8. The fuel cartridge of claim 7 wherein said fuel metering valve or metering pump is capable of being controlled by an actuator located within said fuel cell assembly.

9. The fuel cartridge of claim 6 wherein said second chamber comprises an inlet and outlet port for fluid communication with the anode loop of said fuel cell assembly, a fluidic connector between said inlet and outlet ports and a metering valve or a metering pump in fluid communication with said first chamber and said fluidic connector.

10. The fuel cartridge of claim 9 wherein said fuel metering valve or metering pump is capable of being controlled by an actuator located within said fuel cell assembly.

11. The fuel cartridge of claim 9 further comprising a fuel filter in said second chamber in fluid communication with said first chamber or said fluidic connector.

12. The fuel cartridge of claim 9 further comprising an ion exchange resin in fluid communication with said first chamber or said fluidic connector.

13. The fuel cartridge of claim 9 wherein said second chamber comprises an inlet and outlet port for fluid communication with the anode loop of said fuel cell assembly, a fluidic connector between said inlet and outlet ports and a metering valve or a metering in fluid communication with said first chamber and a fuel feed port for fluid communication with the anode loop in said fuel cell assembly.

14. A removable fuel cell cartridge for a liquid fuel cell assembly comprising

a container including a first chamber for fuel having at least one port for delivery of fuel to a fuel cell assembly; and

an absorbent device having at least two ports at least one of which communicates with said fuel cell assembly.

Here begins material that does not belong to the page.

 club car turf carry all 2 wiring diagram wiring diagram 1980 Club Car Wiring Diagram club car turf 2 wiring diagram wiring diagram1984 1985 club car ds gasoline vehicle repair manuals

15. The fuel cell cartridge of claim 14 wherein said absorbent device is configured to remove water an exhaust loop from said fuel cell assembly.

16. The fuel cell cartridge of claim 14 wherein said container includes a second chamber and said absorbent device is located in said second chamber.

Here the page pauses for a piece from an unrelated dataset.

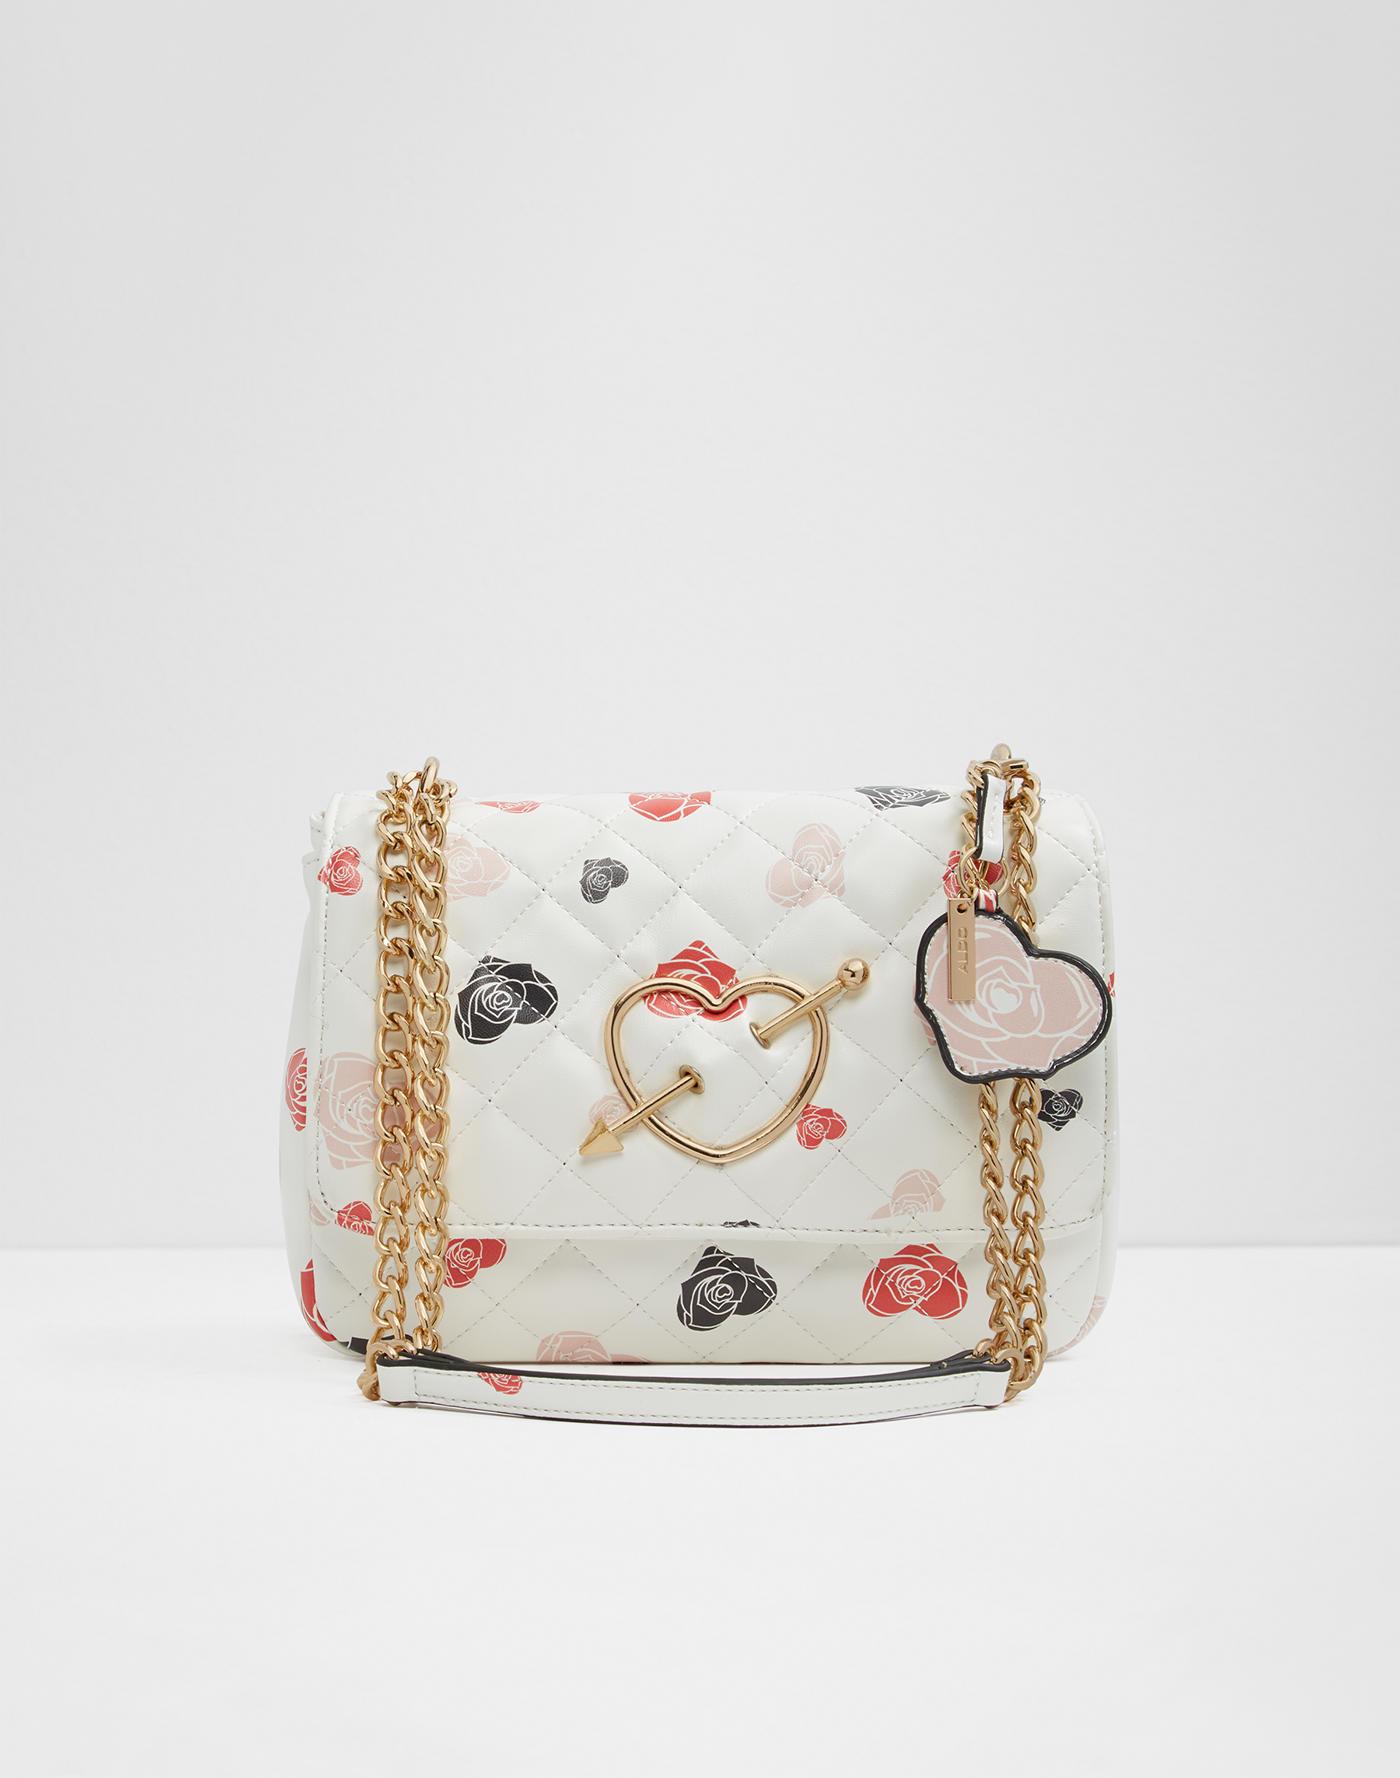 82afaa5404b78 Handbags on Sale for Women   ALDO Canada   ALDO Canada

17. The fuel cell cartridge of claim 16 wherein said first and said second chambers are separated by an immovable divider.

18. The fuel cartridge of claim 14 further comprising one or more supplemental components selected from the group consisting of air filters, fuel filters, an ion exchange column, a fan, a pump, a pump control chip, a metering valve, a metering pump, a membrane, a water absorbent, a carbon dioxide absorbent, and a methanol absorbent.

19. A fuel cell assembly comprising the fuel cartridge of claim 1 or 14.

20. An electronic device comprising the fuel cell of claim 19.

21. An electrical power supply comprising the fuel cell of claim 19.

22. The power supply of claim 21 comprising a plurality of fuel cartridges.